Why is $\dfrac{1}{2}n^2-3n = \Theta(n^2)$?

Question

By definition:

For a given function $g(n)$ we denote by $\Theta(g(n))$ the set functions

$\Theta(g(n))$ = $\{f(n):$ there exists positive constants $c_1, c_2$ and $n_0$ such that $0 \leq c_1g(n) \leq f(n) \leq c_2g(n)$ for all $n \geq n_0$ .$\}$

We say $6n^3 \neq \Theta(n^2)$ becuase if it was, then there would be:

\begin{equation} 6n^3 \leq c_2n^2 \Rightarrow n \leq c_2/6 \hspace{100px} (1) \end{equation}

which is not true because $n$ (size of the input) is not limited to any constant.

But to prove $\dfrac{1}{2}n^2-3n = \Theta(n^2)$ we can write

\begin{align*} c_1n^2 &\leq \dfrac{1}{2}n^2-3n \leq c_2n^2\\ c_1 &\leq \dfrac{1}{2}-\dfrac{3}{n} \leq c_2 \end{align*}

by setting $c_1=1/14, c_2=1/2, n_0=7$ it becomes true.

Here is the problem,

$$\dfrac{1}{2}-\dfrac{3}{n} \leq c_2$$

implies

$$ n \leq \dfrac{1/2-c_2}{3} \hspace{100px} (2) $$

why in $(1)$ bounding $n$ is a contradiction, but in $(2)$ it is not?

Thanks

Answer 1

Since $n>0$, $\dfrac 3n >0$. Hence $\dfrac{1}{2}-\dfrac{3}{n} \leq c_2$ is implied by $\dfrac 12\le c_2$.
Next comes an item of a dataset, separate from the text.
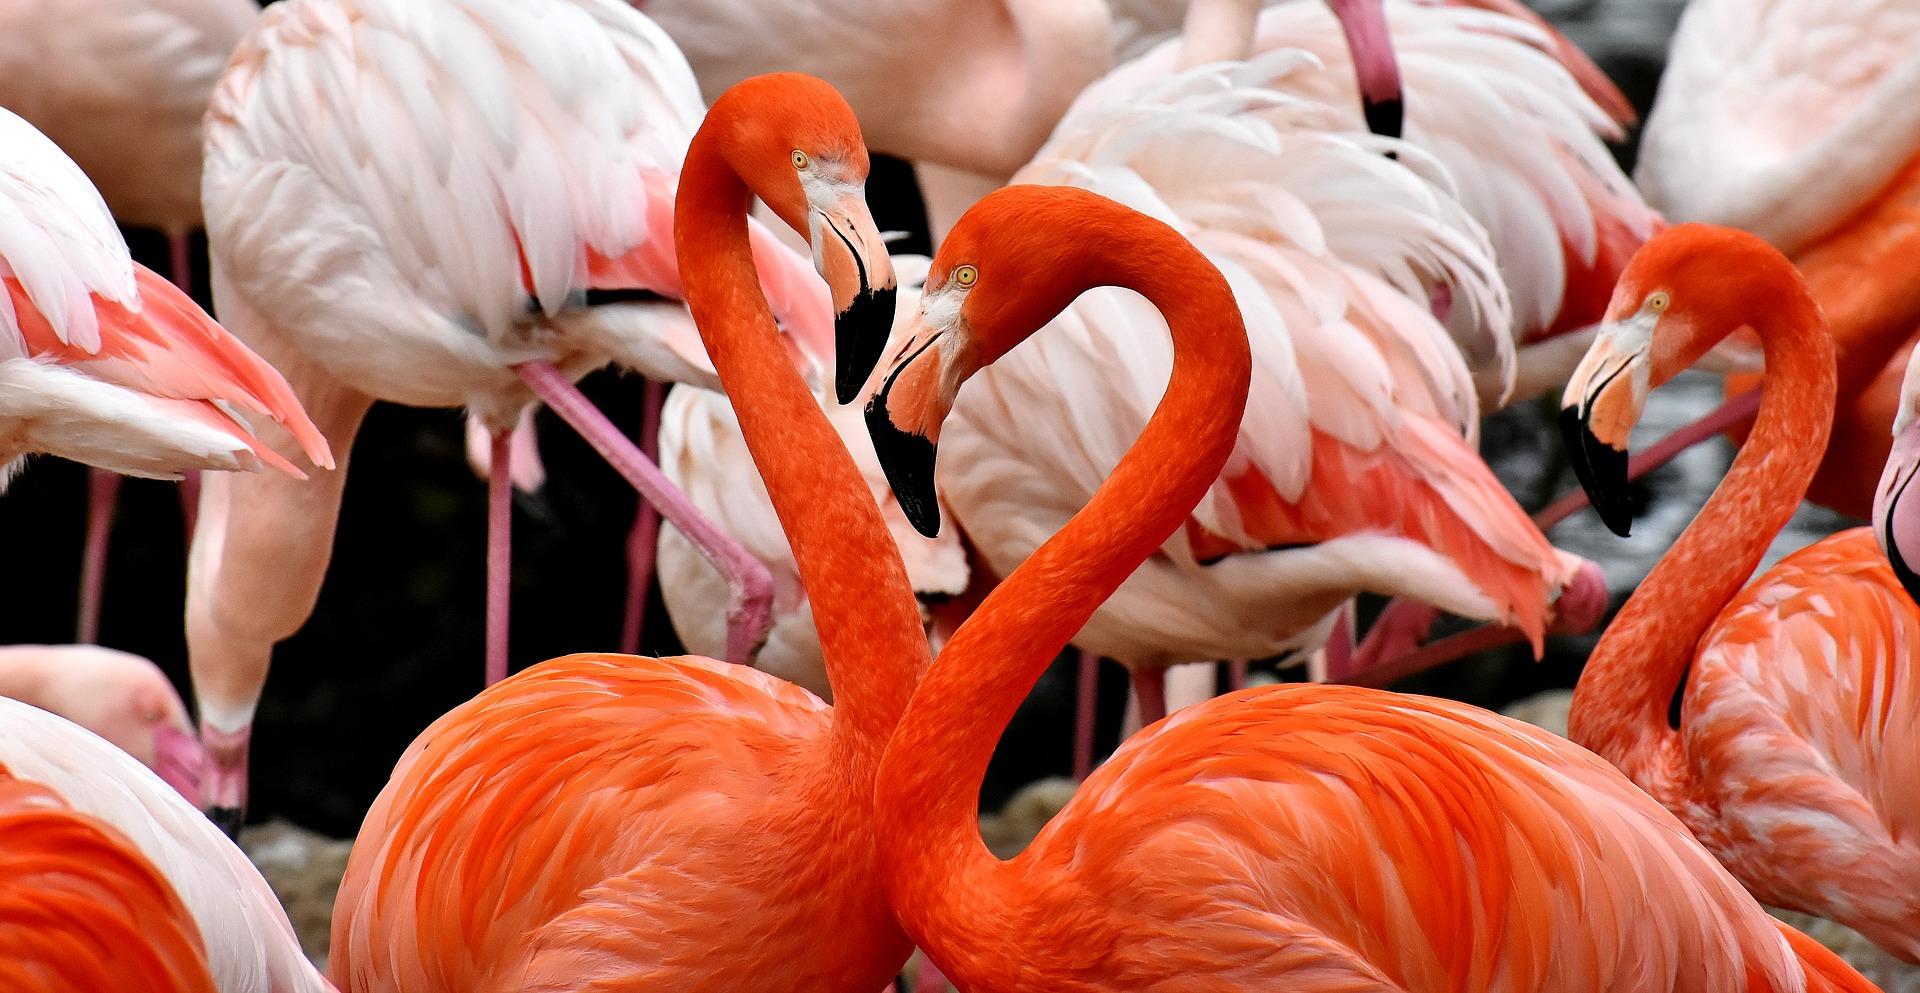 download wallpaper: flamingos wallpaper

That is, your (2) is not correct while everything else is fine.

Just in case you cannot see why your (2) is wrong, please take a look at the following deduction. $$ \dfrac{1}{2}-\dfrac{3}{n} \leq c_2\\ \dfrac{1}{2}-c_2\le\dfrac{3}{n} \\ \dfrac{1/2-c_2}{3} \leq \dfrac 1n\\ \dfrac 1n\ge\dfrac{1/2-c_2}{3} $$ Compare the last inequality with your (2).

Answer 2

Alternatively, you might find it more convenient to work with the limit definition.

To prove that $f(n) = (1/2)n^2 - 3n = \Theta(n^2)$, we must prove that

• (i) $f(n) = O(n^2)$, and that
• (ii) $f(n) = \Omega(n^2)$.

To prove (i), we must show that $\lim_{n \to \infty} f(n)/n^2 < \infty$. Plugging in we find that $1/2 < \infty$, and are done. To prove (ii), we must show that $\lim_{n \to \infty} f(n)/n^2 > 0$. Now, we see that $1/2 > 0$, and are done. It follows from (i) and (ii) that $f(n) = \Theta(n^2)$, concluding the proof.